The QPatch HTX and QPatch 16 are fully automated patch-clamp platforms that allow for the testing of up to 48 and 16 cells in parallel, respectively. These are medium-throughput machines great for confirming hits from larger screens and also for lead optimization. The QPatch machines offer high-quality measurements with the formation of gigaohm seals. The platform can be used to assay both voltage-gated and ligand-gated channels and utilizes stable cell lines.
Example of hERG inhibition. hERG potassium channel inhibition in the presence of various concentrations of an antiarrhythmic agent. Recordings were made on the QPatch in CHO cells stably expressing hERG voltage-dependent potassium channel. Each concentration of Quinidine was perfused for 5 minutes. A drug concentration of 10 µM shows close to complete inhibition of hERG.
Example of inhibition of hERG currents by an antiarrhythmic agent. Peak hERG currents were elicited by a ramp down from +40 mV to -80 mV.
Resulting time/current plots from QPatch HTX.
Currents were normalized to the negative control peak current and plotted as % inhibition.

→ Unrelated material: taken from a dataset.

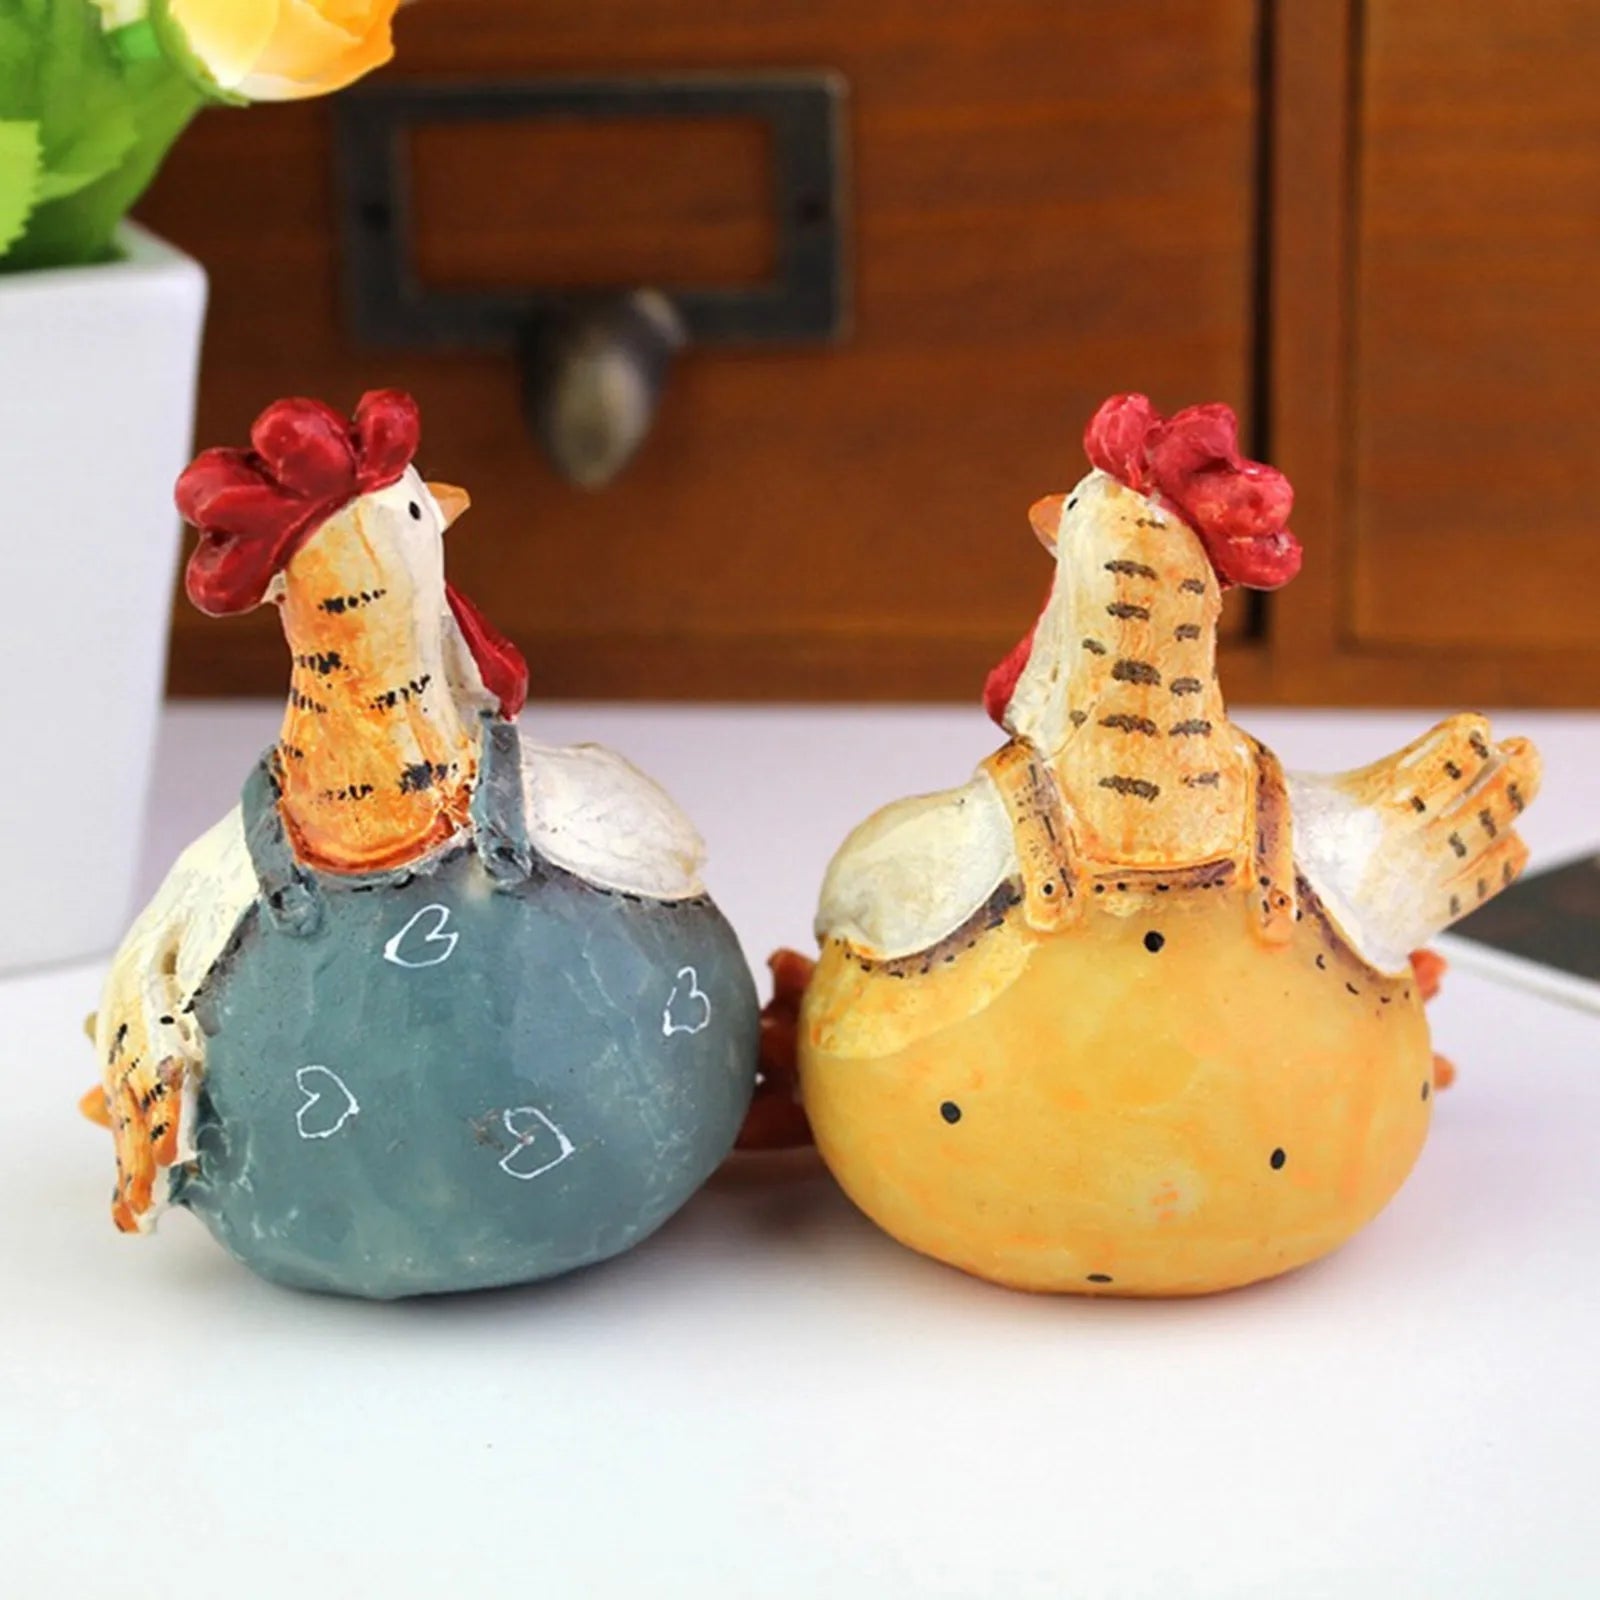 수지 공예 커플 쌍 치킨 홀리데이 장식 연구 거실 장식 홈 유리 장식 볼 공학 장식

Manual patch clamping is the “gold-standard” for the investigation of ion channel activity. In addition to confirming the activity of potential hits from high or medium-throughput screens, manual patch-clamping can be used to assess the mechanism of action of compounds and to determine the effects of compounds on the biophysical properties of a channel. Both voltage-gated and ligand-gated channels can be tested using manual patch-clamping. This system utilizes stable cell lines or native cells (neurons, cardiac myocytes, etc.).